In this instructable we will learn how to calculate the Z score and use the Z table to find the value for the same. Z score calculation is normally conducted to find out where our value lies in respect to the mean in a normal distribution. Normal distribution is one of the most widely used distribution methods used in statistics and probability and both the normal distribution and Z score calculation is something every single math, statistics and probability student must be well familiarized with.

In this instructable we will learn how to calculate Z score and use the Z Table using a simple example. So without further ado let's go ahead.

Supplies:

Step 1: The Example:

500 random strangers are chosen for an IQ test. Samantha scored 120 (X) in total out of 300. The average score for the batch was 110 (µ) and the standard deviation was 30 (σ). Let's see how Samantha fares compared to others in this IQ test.

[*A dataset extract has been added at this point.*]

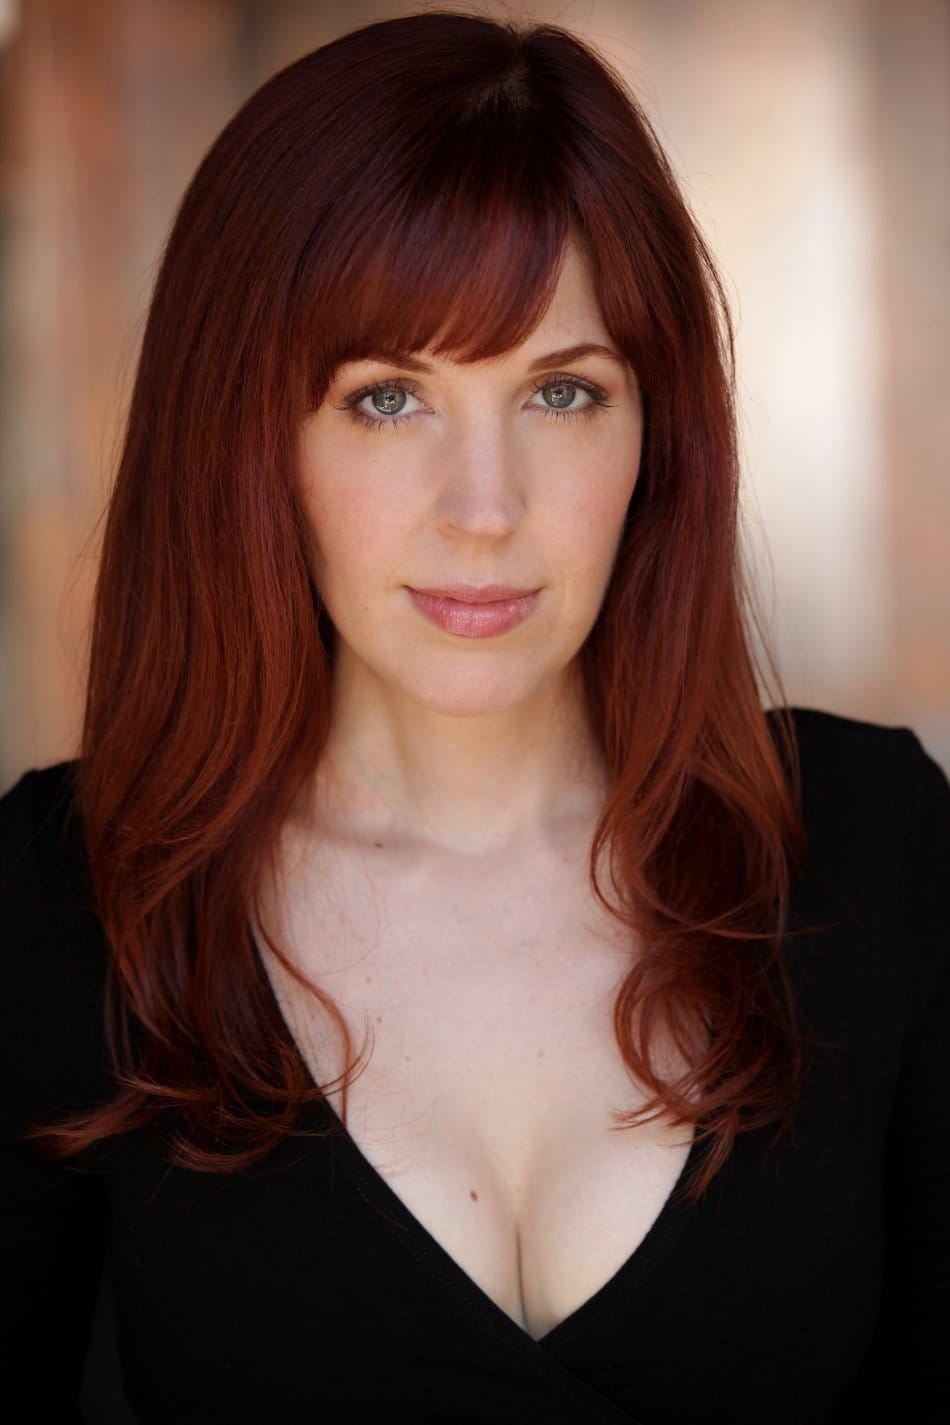 Picture of Danielle De Luca

Step 2: Z Score Calculation

To fine out the Z score we use the formula

Z score = ( X – µ ) / σ

= (120 - 110) / 30

= 10/30

= 0.33

Samantha's Z Score is positive and 0.33

Next we will learn how to map the Z score on the Z table to learn how good or bad Samantha performed on the IQ test compared to others.

Step 3: Using the Z Table

Since Samantha's Z score value was positive we will use the positive Z Table. Had Samantha's Z score value been negative we would had used the negative Z Table. Both the tables have been added for reference.

To calculate where Samantha's Z score value stands compared to the mean, let us find the value for the first two digits on the Y axis (0.3 for Samantha's Z Score). Next find the value for the second decimal alongside the X axis (0.03 based on Samatha's Z Score). We get the value as 0.62930.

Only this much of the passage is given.